● Task objective:
An exact restatement of the data below, with the pictures removed, is the required answer.

● Given data:
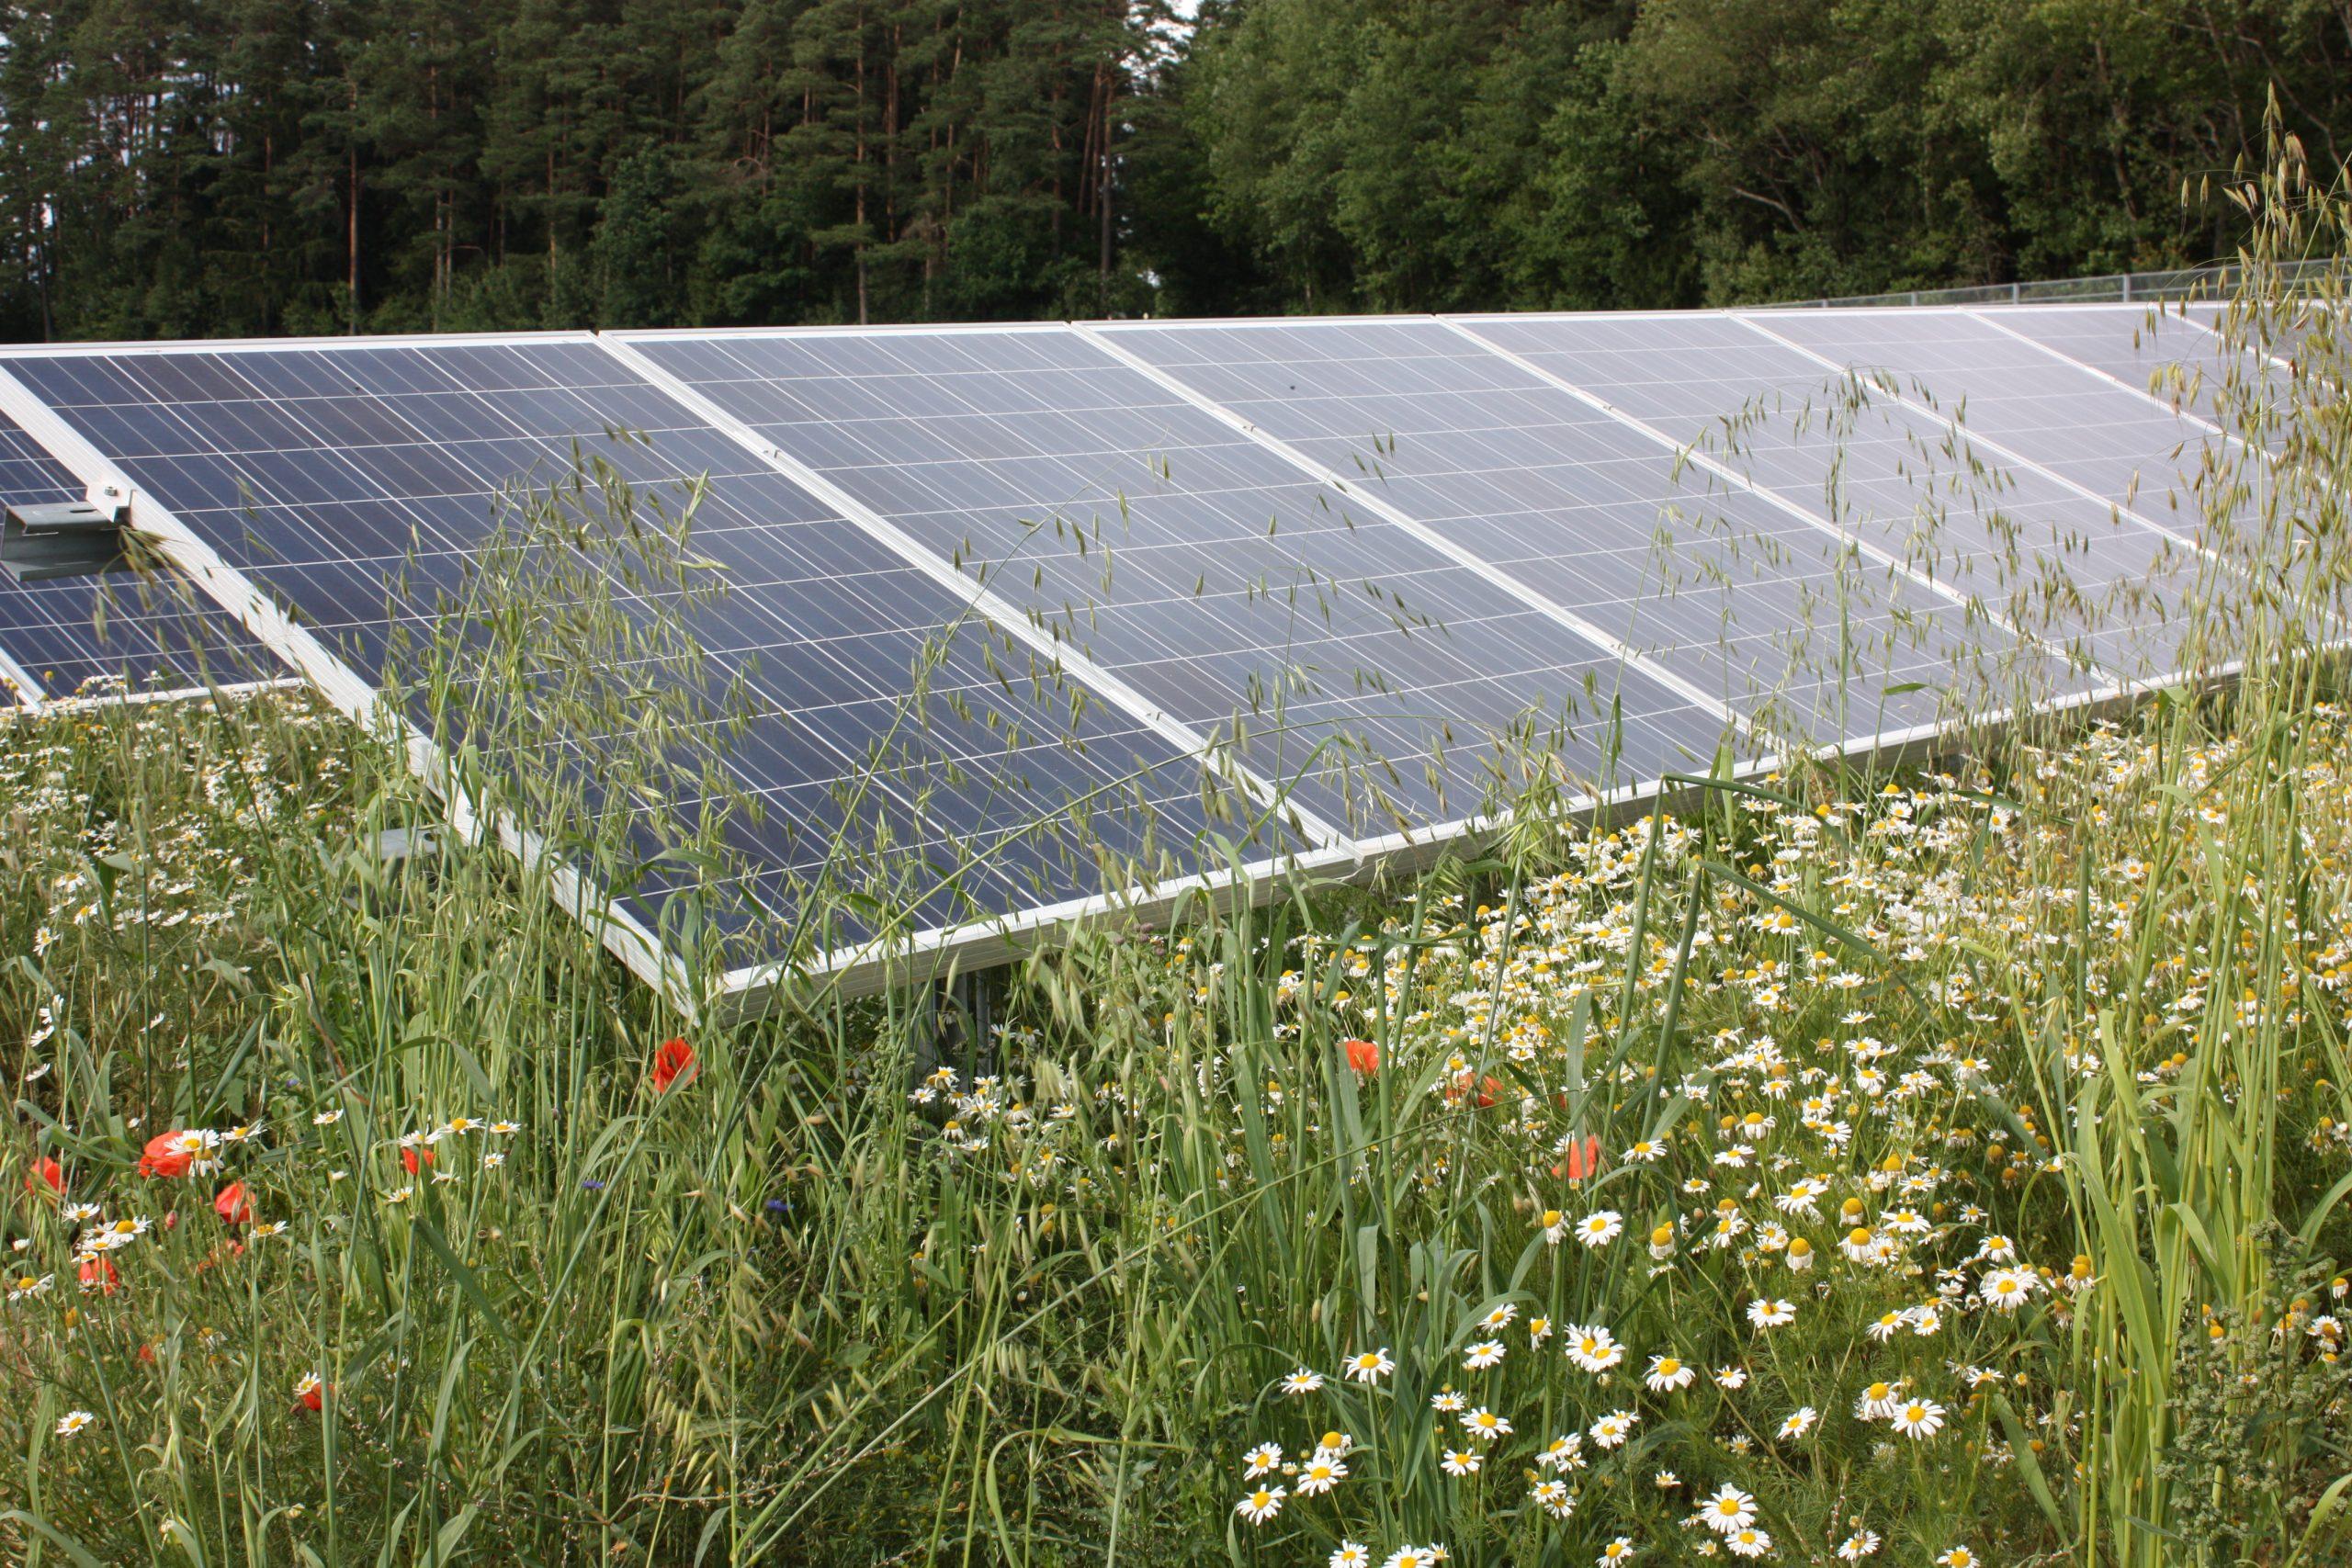 Positionspapier zu Freiflächen- und Agri-PV
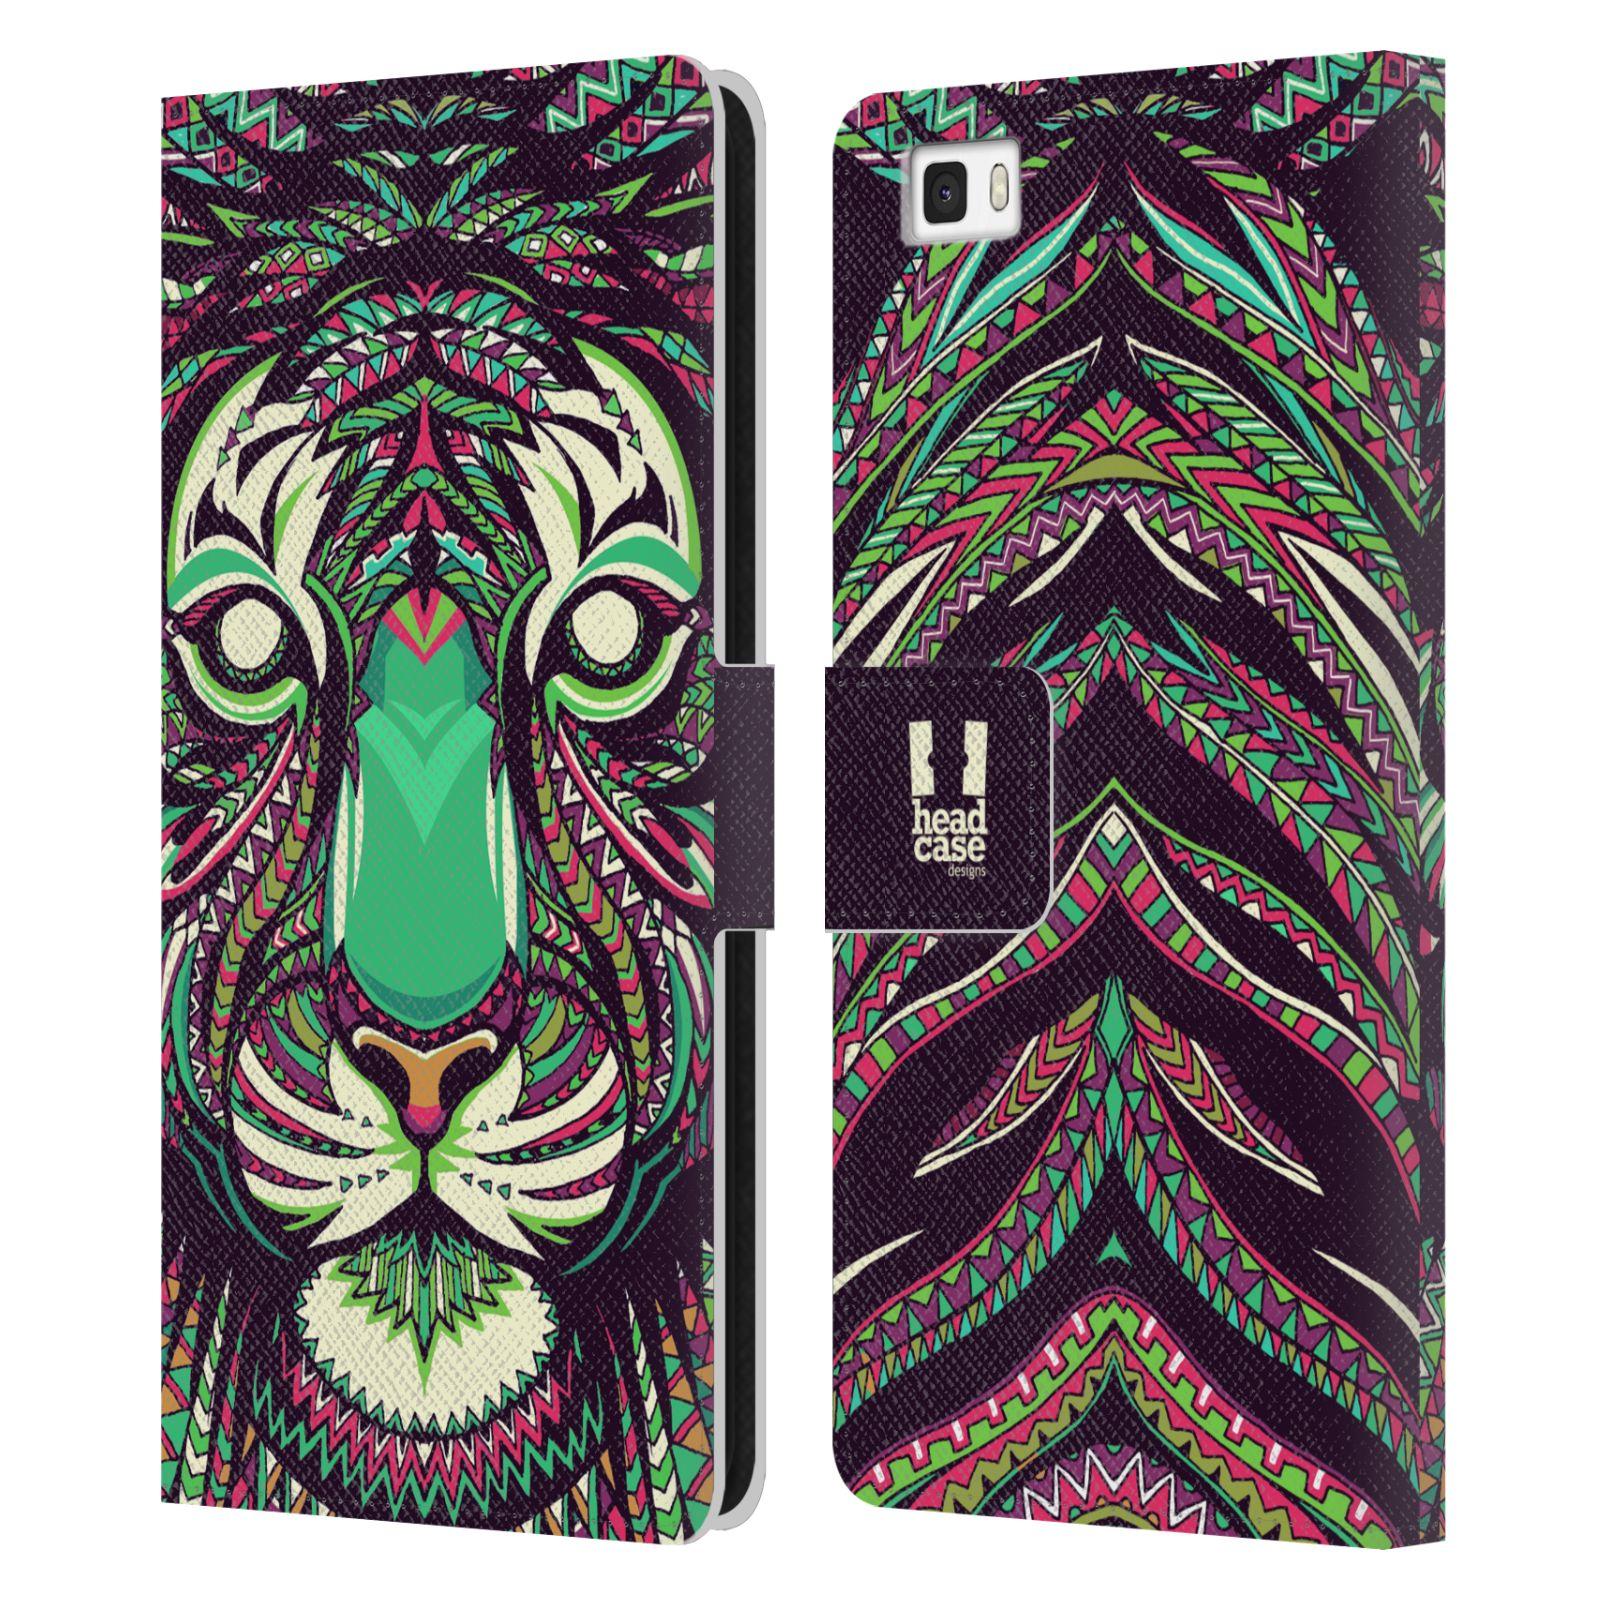 Pouzdro na mobil Huawei P8 Lite - Head Case - Aztécký vzor tygr
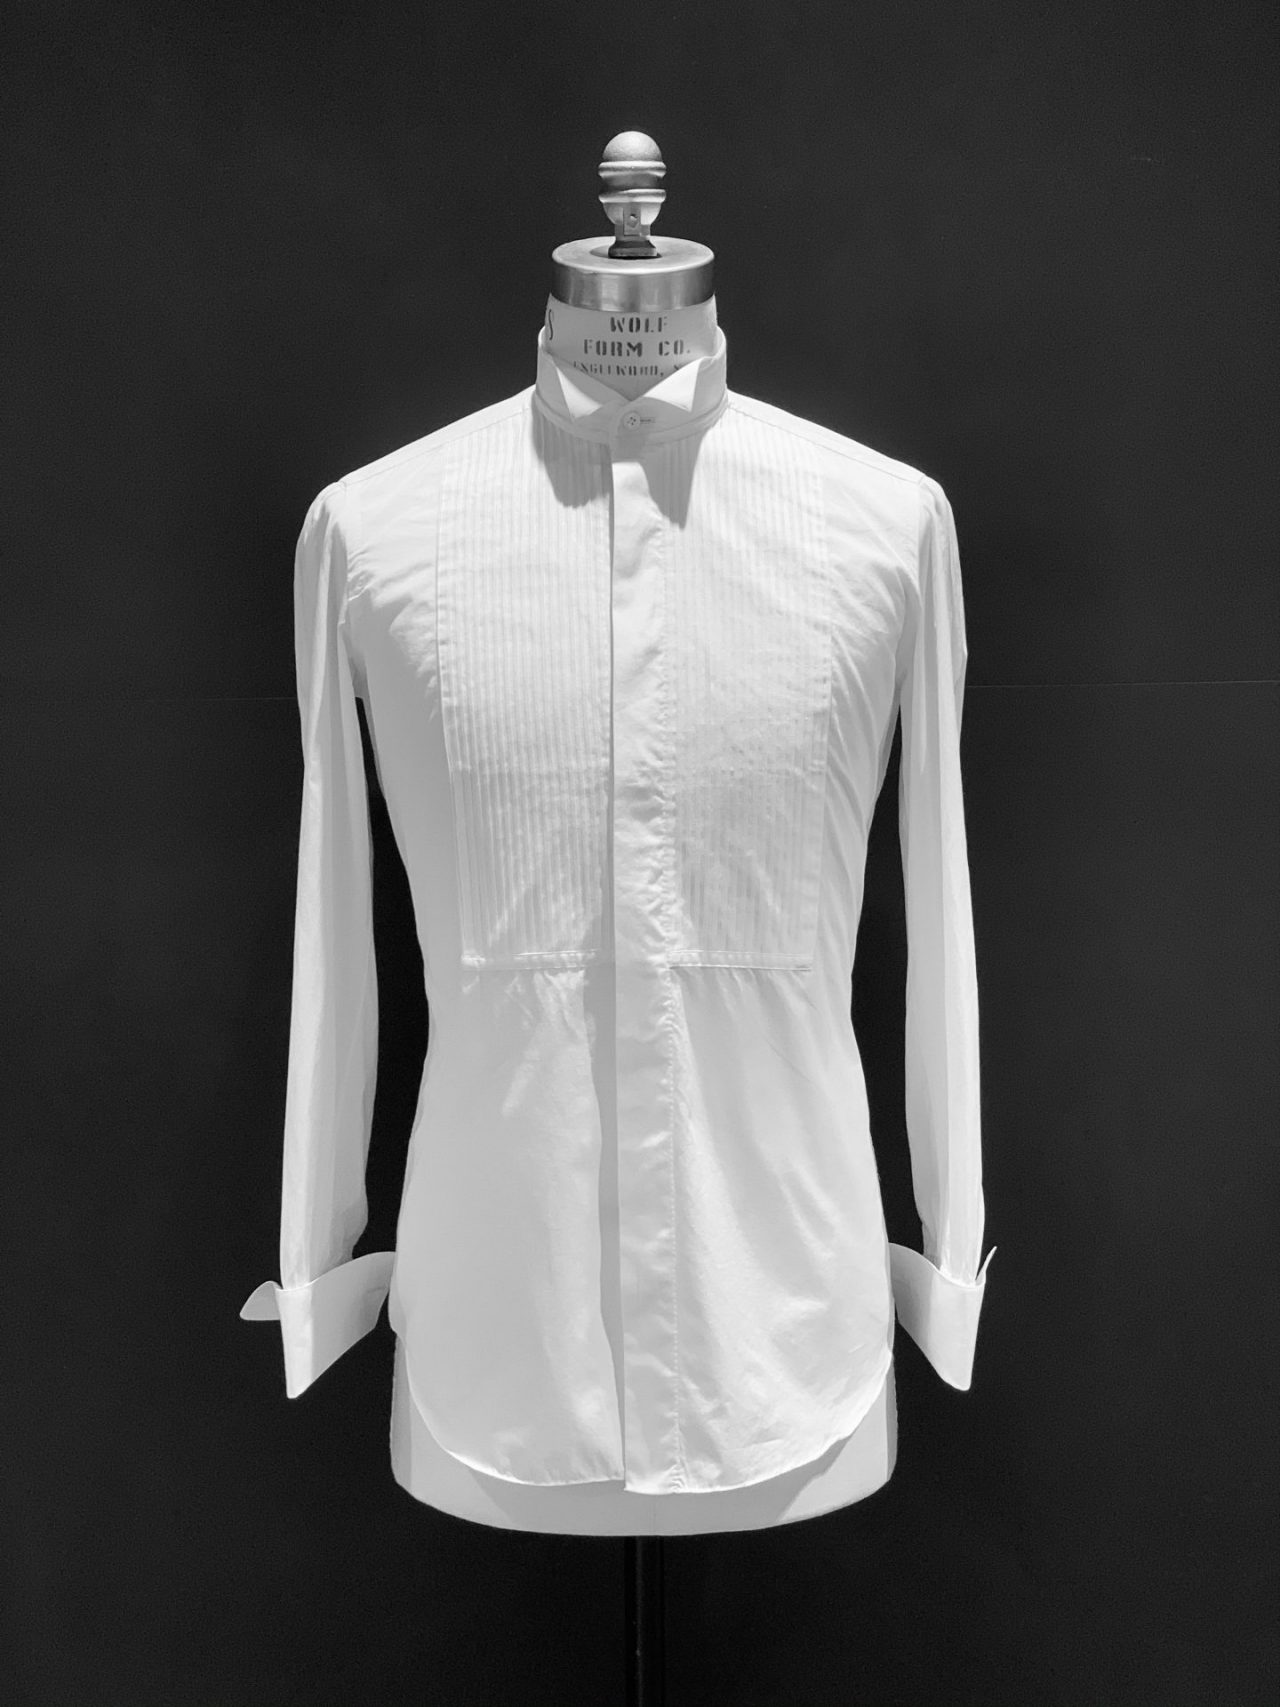 ザ・トリート・ドレッシングでお取り扱いするオランダブランド、ハンドレッドハンズ(100HANDS)は職人の100手の工程を通り、124名の職人が裁断から全てハンドで生産するオランダ製の白のドレスシャツです。

● Response:
 Positionspapier zu Freiflächen- und Agri-PV
 Pouzdro na mobil Huawei P8 Lite - Head Case - Aztécký vzor tygr
 ザ・トリート・ドレッシングでお取り扱いするオランダブランド、ハンドレッドハンズ(100HANDS)は職人の100手の工程を通り、124名の職人が裁断から全てハンドで生産するオランダ製の白のドレスシャツです。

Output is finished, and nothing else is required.